The most important part of any machine learning project is to extract the most telling features from your raw data. Ask yourself in your signal what are the telltale signs that should tell your model what class the signal was drawn from.
You should try to use some feature extraction techniques, then you should try to use a model better suited for the size of your dataset.
Data pre-processing and feature extraction
Data pre-processing goes from your raw data and remolds it to be better suited to machine learning algorithms. This means pulling out important statistics from your data or converting your data into other formats in order to it being more representative. For example if you are using a technique which is sensitive to range, then you should normalize all your features. n your case if you have a signal you might want to extract some information about the temporal and frequency domain transforms. You can try something like empirical mode decomposition (EMD).
Then, you want to use feature selection. From all the information you extracted from your data not all of it will be useful. There are machine learning algorithms such as: PCA, LDA, cross-correlation, etc. Which will select the features that are the most representative and ignore the rest.
In your case
As a general rule of thumb, the amount of data that I suggest to have for shallow machine learning models is $10 \times \#features$. For deep models I usually suggest $100 \times \#features \times \#outputs$. So you are limited by the size of your dataset.

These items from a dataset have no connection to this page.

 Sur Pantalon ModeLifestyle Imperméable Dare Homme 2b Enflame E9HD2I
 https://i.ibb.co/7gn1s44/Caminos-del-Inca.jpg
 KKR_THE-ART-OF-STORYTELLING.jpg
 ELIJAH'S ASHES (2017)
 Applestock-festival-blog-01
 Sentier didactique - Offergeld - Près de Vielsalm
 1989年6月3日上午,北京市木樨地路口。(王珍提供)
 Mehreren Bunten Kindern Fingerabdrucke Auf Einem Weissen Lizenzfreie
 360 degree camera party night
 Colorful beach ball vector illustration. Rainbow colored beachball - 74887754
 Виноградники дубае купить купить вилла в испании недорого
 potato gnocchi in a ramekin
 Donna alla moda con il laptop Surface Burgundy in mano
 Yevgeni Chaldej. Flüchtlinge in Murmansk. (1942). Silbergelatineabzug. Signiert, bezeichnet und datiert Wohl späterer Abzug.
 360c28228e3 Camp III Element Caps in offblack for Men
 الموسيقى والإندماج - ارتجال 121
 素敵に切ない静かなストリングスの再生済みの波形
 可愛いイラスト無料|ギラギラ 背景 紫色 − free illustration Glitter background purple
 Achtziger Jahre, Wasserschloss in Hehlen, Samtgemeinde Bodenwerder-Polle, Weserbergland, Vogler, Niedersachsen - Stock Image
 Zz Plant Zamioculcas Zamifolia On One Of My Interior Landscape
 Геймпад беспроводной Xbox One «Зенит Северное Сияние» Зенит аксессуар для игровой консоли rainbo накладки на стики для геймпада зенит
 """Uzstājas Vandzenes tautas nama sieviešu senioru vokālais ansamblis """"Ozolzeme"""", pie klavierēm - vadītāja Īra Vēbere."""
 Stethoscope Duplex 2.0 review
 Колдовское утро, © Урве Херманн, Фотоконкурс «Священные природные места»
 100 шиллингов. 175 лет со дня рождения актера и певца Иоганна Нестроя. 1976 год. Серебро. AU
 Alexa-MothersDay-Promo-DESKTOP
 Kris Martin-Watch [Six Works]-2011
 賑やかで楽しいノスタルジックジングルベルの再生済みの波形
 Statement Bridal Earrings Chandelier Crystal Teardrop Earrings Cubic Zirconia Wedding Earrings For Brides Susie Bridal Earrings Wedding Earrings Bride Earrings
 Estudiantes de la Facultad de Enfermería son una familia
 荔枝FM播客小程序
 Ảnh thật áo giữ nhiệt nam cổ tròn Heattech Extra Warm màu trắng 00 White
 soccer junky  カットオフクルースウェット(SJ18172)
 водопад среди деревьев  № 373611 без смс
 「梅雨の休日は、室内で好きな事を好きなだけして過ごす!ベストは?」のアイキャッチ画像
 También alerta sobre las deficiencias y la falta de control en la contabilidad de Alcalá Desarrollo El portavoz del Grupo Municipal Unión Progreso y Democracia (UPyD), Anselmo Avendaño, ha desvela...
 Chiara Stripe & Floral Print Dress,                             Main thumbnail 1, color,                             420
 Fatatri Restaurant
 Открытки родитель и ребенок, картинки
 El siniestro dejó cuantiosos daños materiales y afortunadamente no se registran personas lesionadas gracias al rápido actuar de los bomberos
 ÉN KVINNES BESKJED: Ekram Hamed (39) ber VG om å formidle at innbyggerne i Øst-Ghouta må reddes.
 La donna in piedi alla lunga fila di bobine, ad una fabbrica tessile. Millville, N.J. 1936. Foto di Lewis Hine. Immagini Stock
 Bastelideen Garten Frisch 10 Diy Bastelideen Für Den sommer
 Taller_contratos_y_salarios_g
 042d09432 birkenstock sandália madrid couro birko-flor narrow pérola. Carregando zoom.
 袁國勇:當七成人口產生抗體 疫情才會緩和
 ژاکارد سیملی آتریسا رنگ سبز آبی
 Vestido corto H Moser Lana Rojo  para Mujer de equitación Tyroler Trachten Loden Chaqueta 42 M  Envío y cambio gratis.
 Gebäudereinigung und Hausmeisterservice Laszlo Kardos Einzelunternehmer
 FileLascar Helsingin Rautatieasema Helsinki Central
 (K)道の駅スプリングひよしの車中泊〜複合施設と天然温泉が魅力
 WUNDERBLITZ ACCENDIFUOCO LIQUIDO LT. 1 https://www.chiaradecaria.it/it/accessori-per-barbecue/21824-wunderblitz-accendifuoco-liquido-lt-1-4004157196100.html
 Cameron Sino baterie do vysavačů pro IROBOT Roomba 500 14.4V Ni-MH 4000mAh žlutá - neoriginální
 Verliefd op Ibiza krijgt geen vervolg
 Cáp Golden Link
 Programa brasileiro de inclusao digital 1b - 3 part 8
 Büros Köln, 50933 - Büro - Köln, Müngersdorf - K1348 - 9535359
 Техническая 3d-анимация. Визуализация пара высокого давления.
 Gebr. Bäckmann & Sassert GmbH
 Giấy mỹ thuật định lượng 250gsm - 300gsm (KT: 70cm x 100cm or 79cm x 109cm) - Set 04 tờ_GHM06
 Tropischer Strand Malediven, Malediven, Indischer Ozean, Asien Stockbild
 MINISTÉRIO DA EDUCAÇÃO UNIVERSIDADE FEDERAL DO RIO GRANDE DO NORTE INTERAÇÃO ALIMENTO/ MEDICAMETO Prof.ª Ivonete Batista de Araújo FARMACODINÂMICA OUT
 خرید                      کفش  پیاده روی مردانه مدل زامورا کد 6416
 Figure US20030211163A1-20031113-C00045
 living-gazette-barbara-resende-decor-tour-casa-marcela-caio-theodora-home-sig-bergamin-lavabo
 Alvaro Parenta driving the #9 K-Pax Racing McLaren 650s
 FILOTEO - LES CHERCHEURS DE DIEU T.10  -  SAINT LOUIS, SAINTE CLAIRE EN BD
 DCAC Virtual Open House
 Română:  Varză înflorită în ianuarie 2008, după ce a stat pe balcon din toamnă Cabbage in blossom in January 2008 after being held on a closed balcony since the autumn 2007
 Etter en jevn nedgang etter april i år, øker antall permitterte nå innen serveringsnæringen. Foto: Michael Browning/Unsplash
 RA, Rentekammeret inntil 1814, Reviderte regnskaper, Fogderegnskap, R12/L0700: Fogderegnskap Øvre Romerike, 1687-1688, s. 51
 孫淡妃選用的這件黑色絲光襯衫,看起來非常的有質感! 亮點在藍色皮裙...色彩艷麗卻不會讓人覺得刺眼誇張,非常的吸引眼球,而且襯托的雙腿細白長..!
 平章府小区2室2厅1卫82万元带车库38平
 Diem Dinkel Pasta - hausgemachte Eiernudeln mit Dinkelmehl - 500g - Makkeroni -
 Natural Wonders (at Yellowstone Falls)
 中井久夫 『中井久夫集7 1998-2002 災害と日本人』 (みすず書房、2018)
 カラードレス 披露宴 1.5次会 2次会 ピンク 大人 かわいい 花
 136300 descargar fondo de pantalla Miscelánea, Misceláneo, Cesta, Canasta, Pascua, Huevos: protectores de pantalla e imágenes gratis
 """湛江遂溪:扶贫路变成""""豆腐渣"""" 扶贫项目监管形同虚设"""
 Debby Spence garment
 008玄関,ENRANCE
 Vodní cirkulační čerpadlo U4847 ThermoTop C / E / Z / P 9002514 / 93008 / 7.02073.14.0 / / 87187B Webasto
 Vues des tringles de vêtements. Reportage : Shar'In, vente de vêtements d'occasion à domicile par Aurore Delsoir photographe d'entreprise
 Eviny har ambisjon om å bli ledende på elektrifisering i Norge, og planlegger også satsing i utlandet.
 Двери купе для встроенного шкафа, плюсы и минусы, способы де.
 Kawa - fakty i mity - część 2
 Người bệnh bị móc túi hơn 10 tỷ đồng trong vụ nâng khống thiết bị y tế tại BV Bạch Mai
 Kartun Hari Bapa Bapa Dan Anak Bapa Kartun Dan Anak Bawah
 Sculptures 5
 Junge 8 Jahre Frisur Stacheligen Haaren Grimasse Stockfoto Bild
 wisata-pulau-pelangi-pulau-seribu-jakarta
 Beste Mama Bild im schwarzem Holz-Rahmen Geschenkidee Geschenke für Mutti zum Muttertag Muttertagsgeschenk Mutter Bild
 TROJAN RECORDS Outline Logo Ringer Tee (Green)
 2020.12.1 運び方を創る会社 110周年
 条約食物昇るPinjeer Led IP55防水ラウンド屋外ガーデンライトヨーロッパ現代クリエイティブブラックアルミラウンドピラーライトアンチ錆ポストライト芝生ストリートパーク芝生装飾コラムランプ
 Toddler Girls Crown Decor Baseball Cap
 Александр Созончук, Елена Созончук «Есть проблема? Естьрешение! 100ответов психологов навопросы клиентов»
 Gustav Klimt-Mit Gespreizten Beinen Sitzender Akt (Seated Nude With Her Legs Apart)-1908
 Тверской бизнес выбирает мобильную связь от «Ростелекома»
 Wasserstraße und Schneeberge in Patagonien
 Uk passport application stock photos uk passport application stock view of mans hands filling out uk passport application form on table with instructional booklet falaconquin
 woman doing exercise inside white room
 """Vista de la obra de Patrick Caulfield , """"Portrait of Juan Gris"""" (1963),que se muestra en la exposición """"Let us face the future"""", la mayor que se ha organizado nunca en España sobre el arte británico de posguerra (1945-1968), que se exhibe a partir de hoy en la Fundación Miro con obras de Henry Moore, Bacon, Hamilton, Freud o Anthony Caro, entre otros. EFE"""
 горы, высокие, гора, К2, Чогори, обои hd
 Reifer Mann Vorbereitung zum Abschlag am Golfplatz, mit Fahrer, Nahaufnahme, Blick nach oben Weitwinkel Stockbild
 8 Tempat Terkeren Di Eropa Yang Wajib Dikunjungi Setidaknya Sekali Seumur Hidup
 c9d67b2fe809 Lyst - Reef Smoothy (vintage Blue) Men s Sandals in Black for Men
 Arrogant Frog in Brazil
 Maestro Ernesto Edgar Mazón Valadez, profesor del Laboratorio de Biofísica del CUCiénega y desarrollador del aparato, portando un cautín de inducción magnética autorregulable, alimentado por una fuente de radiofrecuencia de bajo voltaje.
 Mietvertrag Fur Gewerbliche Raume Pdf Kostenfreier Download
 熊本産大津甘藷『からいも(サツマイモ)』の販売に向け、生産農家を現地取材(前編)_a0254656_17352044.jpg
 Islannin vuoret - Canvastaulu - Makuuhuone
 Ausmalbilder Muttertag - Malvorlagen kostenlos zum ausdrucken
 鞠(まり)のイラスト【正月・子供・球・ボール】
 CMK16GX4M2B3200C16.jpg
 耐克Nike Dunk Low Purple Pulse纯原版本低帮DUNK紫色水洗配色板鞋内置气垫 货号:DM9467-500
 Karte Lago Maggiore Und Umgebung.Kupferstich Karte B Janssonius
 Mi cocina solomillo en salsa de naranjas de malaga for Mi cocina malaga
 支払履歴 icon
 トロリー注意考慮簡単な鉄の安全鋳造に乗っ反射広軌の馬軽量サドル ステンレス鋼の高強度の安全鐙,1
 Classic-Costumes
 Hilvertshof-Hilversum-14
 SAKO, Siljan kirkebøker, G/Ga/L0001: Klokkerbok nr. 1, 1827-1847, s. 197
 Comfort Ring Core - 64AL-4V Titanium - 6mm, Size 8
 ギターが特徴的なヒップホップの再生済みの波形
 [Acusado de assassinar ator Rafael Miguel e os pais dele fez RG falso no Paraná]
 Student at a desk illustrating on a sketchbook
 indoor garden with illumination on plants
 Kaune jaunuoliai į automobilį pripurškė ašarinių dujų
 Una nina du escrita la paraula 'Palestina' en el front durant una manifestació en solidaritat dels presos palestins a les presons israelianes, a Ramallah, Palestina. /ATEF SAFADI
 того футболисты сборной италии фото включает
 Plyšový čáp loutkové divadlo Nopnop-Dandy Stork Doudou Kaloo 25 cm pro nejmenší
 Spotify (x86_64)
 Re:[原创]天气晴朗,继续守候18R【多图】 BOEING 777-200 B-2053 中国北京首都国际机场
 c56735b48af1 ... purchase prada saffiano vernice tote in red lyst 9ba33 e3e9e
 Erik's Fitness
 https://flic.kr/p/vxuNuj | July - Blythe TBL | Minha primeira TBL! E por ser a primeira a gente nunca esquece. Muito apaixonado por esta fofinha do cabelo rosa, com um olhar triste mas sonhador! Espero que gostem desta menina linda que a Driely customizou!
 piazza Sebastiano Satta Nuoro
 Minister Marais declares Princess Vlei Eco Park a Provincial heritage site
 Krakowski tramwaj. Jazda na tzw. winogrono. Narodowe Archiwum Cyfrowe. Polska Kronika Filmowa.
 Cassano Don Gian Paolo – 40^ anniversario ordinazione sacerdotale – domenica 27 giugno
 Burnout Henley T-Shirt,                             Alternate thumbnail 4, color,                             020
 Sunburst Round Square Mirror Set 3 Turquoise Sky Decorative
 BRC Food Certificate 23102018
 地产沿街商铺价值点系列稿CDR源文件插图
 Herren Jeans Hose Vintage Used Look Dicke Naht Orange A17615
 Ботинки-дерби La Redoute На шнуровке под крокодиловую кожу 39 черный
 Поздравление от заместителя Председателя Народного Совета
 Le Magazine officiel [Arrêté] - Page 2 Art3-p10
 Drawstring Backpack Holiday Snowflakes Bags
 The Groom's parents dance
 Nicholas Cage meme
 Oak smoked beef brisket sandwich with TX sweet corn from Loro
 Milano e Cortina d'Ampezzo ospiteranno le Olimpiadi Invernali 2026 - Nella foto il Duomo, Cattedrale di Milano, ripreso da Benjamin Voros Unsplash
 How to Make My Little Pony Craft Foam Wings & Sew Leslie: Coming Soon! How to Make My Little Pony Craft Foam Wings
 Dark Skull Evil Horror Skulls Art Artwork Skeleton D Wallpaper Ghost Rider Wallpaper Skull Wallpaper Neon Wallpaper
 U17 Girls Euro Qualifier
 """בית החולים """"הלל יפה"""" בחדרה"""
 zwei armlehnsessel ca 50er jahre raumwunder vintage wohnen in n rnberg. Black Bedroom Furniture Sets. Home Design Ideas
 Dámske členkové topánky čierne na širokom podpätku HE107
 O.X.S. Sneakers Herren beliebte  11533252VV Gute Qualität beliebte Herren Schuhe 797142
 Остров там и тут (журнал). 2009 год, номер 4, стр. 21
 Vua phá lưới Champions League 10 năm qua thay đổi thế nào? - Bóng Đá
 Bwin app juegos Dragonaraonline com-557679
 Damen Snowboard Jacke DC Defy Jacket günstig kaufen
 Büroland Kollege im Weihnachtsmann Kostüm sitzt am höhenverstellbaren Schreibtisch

In your case a CNN is not recommended. Only recently a group published a quite controversial result of training a CNN with 100,000 examples. The community generally believes that this is way too little and it is not feasible to expect good results when training a CNN with very little data.
The Model
I suggest you use a general machine learning technique such as SVM. This will likely result in better result. Try these techniques instead and see what results you get: k-NN, kernel SVM, k-means clustering.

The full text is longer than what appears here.